Friday 27 June 2008

A right Royal rascal...

Oonagh Robinson looks back at the week's TV...

Normally, I couldn’t give a stuff about any programme focussing on our Dullsville Royal family, but Snowdon and Margaret (Channel 4, Weds) was strangely compelling.

Maybe it was because they were both so glamorous and hung around with Peter Sellers, Liz Taylor and Richard Burton so much.

But maybe it was also because they just seemed a bit more human than that other lot.

At the start of this racy documentary, we kept being told how charismatic and Bohemian Tony Armstrong Jones used to be. Looked like a horse just the same as all the other Royals to me, but you have to take people’s word for it sometimes.

He was shamelessly rejected by his posh mum as a child. She once put him and one of his sisters in third class on the train, while another sibling travelled in second class and the “favourite” went in first. Is there no end to the cruelty of the upper classes?

Despite such setbacks, Tone soon became a world class photographer and was bedding virtually everyone in London by the time he met Princess Margaret. Even after he met her, actually.

The happy couple soon got married and everything was wonderful for a while - but old habits die hard and Tony was soon up to his old tricks.

It all ended rather horribly with Snowdon leaving nasty notes to his missus in her glove box saying: “You look like a Jewish manicurist, and I hate you.” Charming.

Course, him being such a rat and fathering 20 or 30 kids outside of wedlock (well, nearly) and all that didn’t stop the public blaming Margaret for the embarrassing divorce.

Even the Queen herself still thought Tone was a smashing bloke after the split.

Something tells me she didn’t know half the story...





The Supersizers (BBC2, Tues) were in Regency England this week - where they were mostly eating cheese on toast.

Sue Perkins and Giles Coren continued their highly enjoyable exploration of historical diets with a look at what posh folk ate in the early 19th century.

The former Prince Regent himself, we learned, once breakfasted on an enormous pigeon pie and oodles of champagne. He was dead four weeks later, mind.

And Nottingham’s own Lord Byron was a bit of a “Manorexic.”

Yes, after ballooning in his early 20s, the poet soon developed all sorts of eating disorders and became one of the faddiest eaters around.

Most disgusting of all, he insisted on using a whole egg to whiten his tea. Which didn’t look poetic at all, let me tell you.

Giles was quite encouraged when after a week on game, red wine, champagne, sweetmeats, steak and cheese on toast for breakfast, luncheon and dinner, he hadn’t ended up with gout and had only put one or two pounds on.
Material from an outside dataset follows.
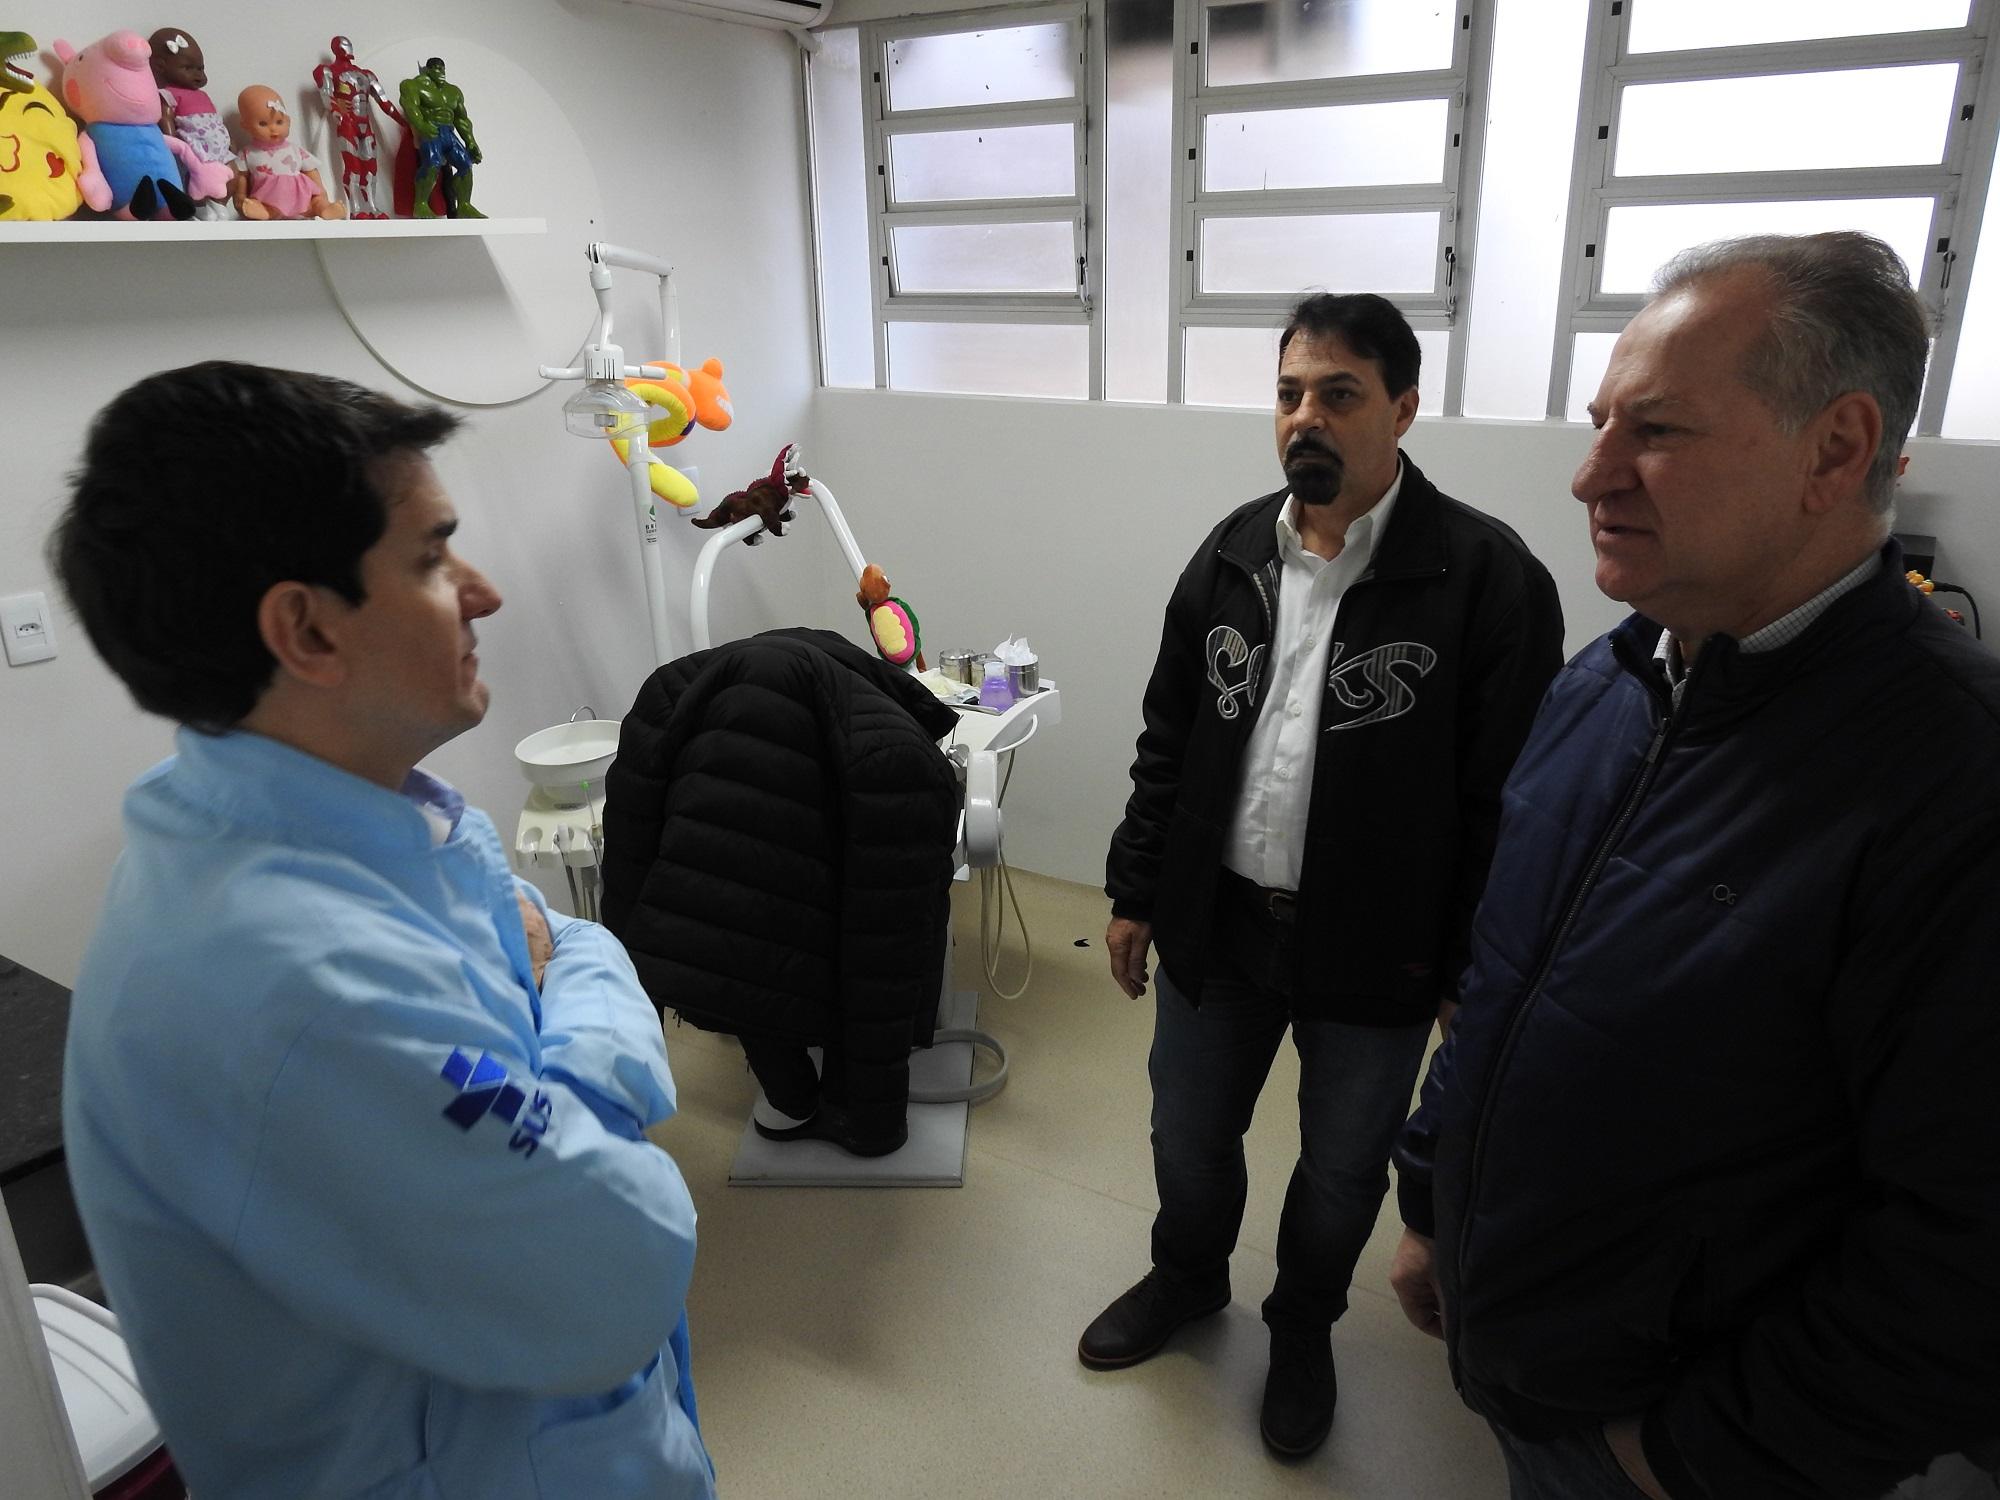 PAM e CEO passam para a Unidade Central de Saúde

Maybe he needed to do it for an entire lifetime to really feel the benefit...







Ooh, we have been missing Adrian Chiles on The One Show (BBC1, weekdays) while he’s been off commentating on that football borefest.

His replacements on the relentlessly upbeat magazine show this week included Nicky Campbell and Matthew Wright - who just weren’t right at all.

Maybe it’s just that the only accent to go with sidekick Christine Bleakly’s strong Nor’n Irish drawl is a thick Brummie twang.

Still, at least we’ve learned a few things this week. Who would’ve thought ladybirds could make such interesting telly, eh?